This is sort of a follow up to Karen’s article a few days ago highlighting gold and silver as a sector that you’ll want to pay attention to in the coming weeks. Here is a ratio chart of the Gold:USD. If you are unfamiliar with what a ratio chart is here is Stockcharts definition:

“You can divide any security by another and chart the results by entering the first security’s symbol, a colon (:), and then the second security’s symbol. For example, to compare how Intel has been doing relative to the Semiconductor Index, you’d enter “INTC:$SOX” in the “Enter Ticker” box of our SharpChart tool.”

One of the main reasons I’ve turned bullish on this sector is how we’ve finally broken out of the consolidation period we’ve been in since May. The upper boundary of that sideways movement should provide strong support for this breakout and any dips down there should be bought.

Pullbacks to the 10 level on RSI (2) could be a oversold signal as could the Slow Sto 5, 1. Of course I advise using whichever indicators you are most familiar with and I’m just sharing these to get your creative ideas flowing.

I’ve been previously bearish on precious metals and their recent run have convinced me that this rally could have more legs and at least for the short term one should be focusing on the long trade in this sector. Any break below the consolidation would likely lead to the severe sell off I previously felt was going to materialize.

 

Here is a chart of the US Platinum & Precious Metals Index confirming the strength of the chart above. SLW has been the leader and will likely pull back the least. I like the other 3 as well as they have mirrored this index closely and should be strong performers as well.

 

 

One Response to “Ratio Chart Looks Bullish For Gold”
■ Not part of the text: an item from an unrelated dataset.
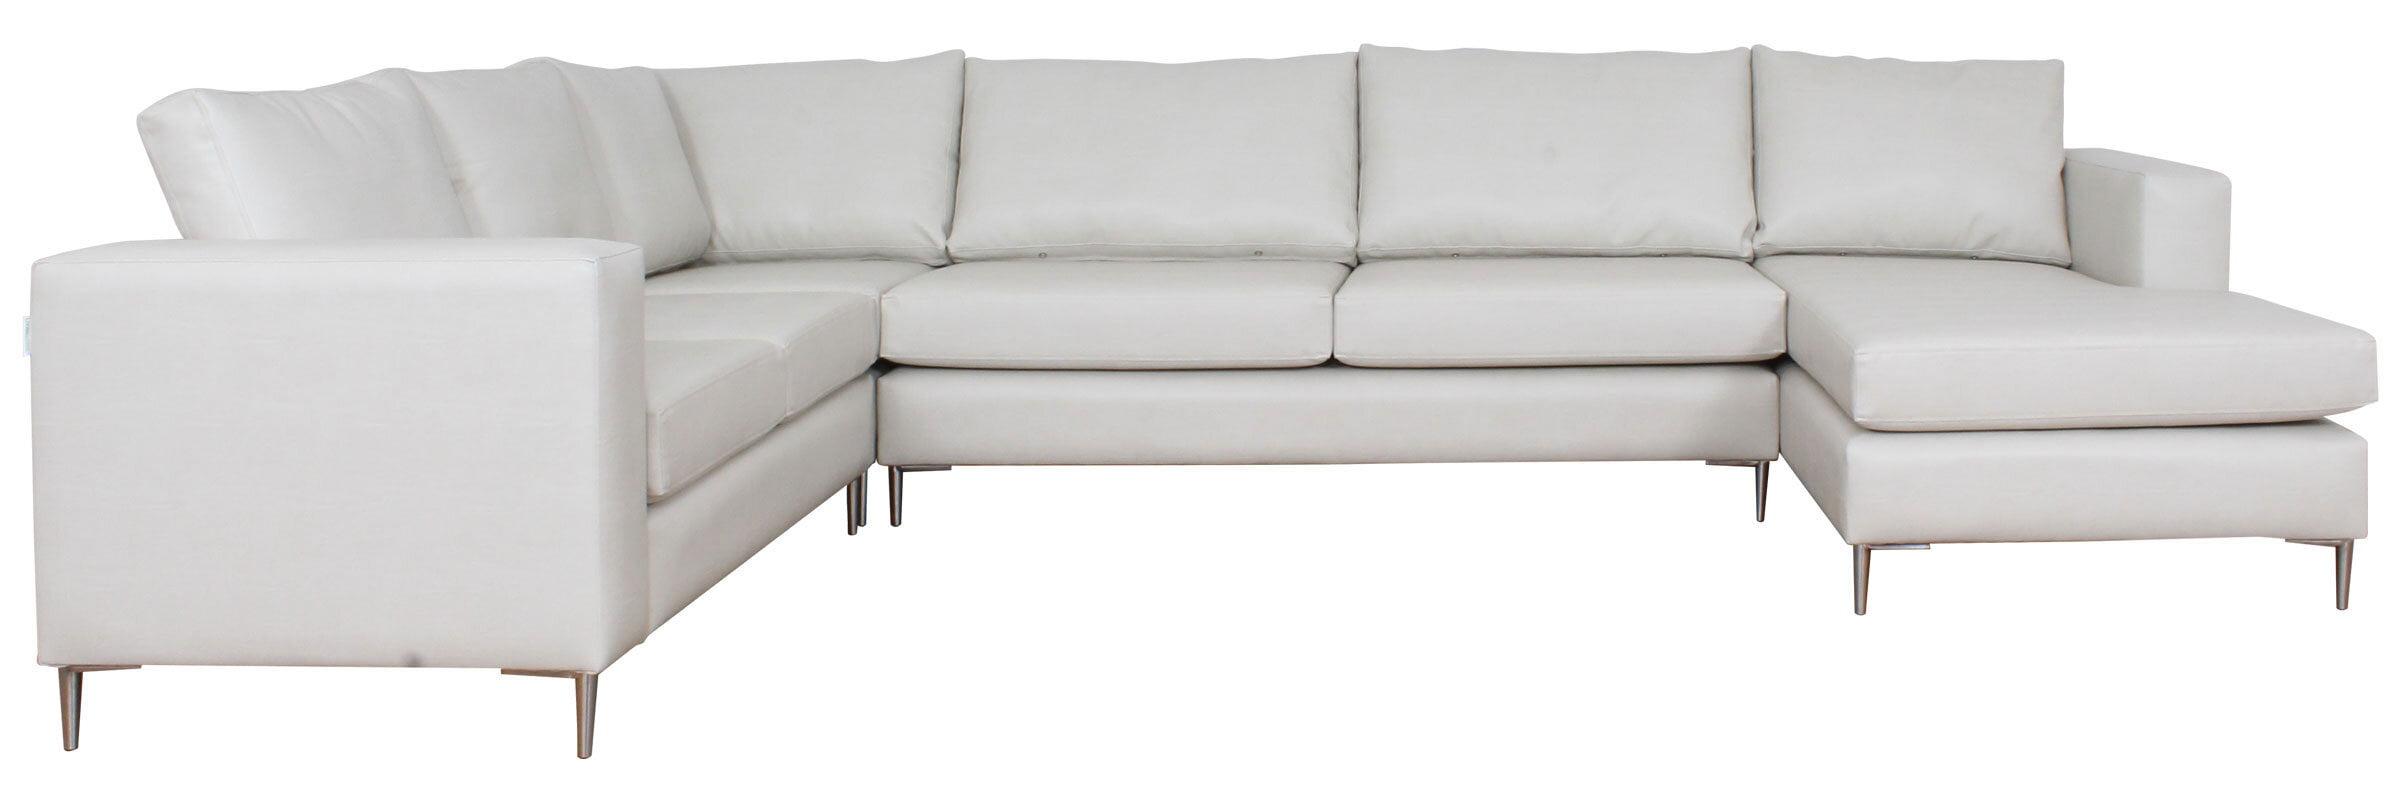 Sofa Modular Pu Blanco

  1. Andrew Cardwell Says:

    We turned positive on gold and silver about mid to late July based on my “RSI Range Rules” turning to up. We also saw my “positive reversal” patterns start to suggest higher prices for both. The gold has been trading sideways for a while and was due to breakout. We viewed the action as corrective and the breakout is the start of a new leg to the upside and the continuation of the long term uptrend. It may be a little overextended here, but pullbacks should be well supported.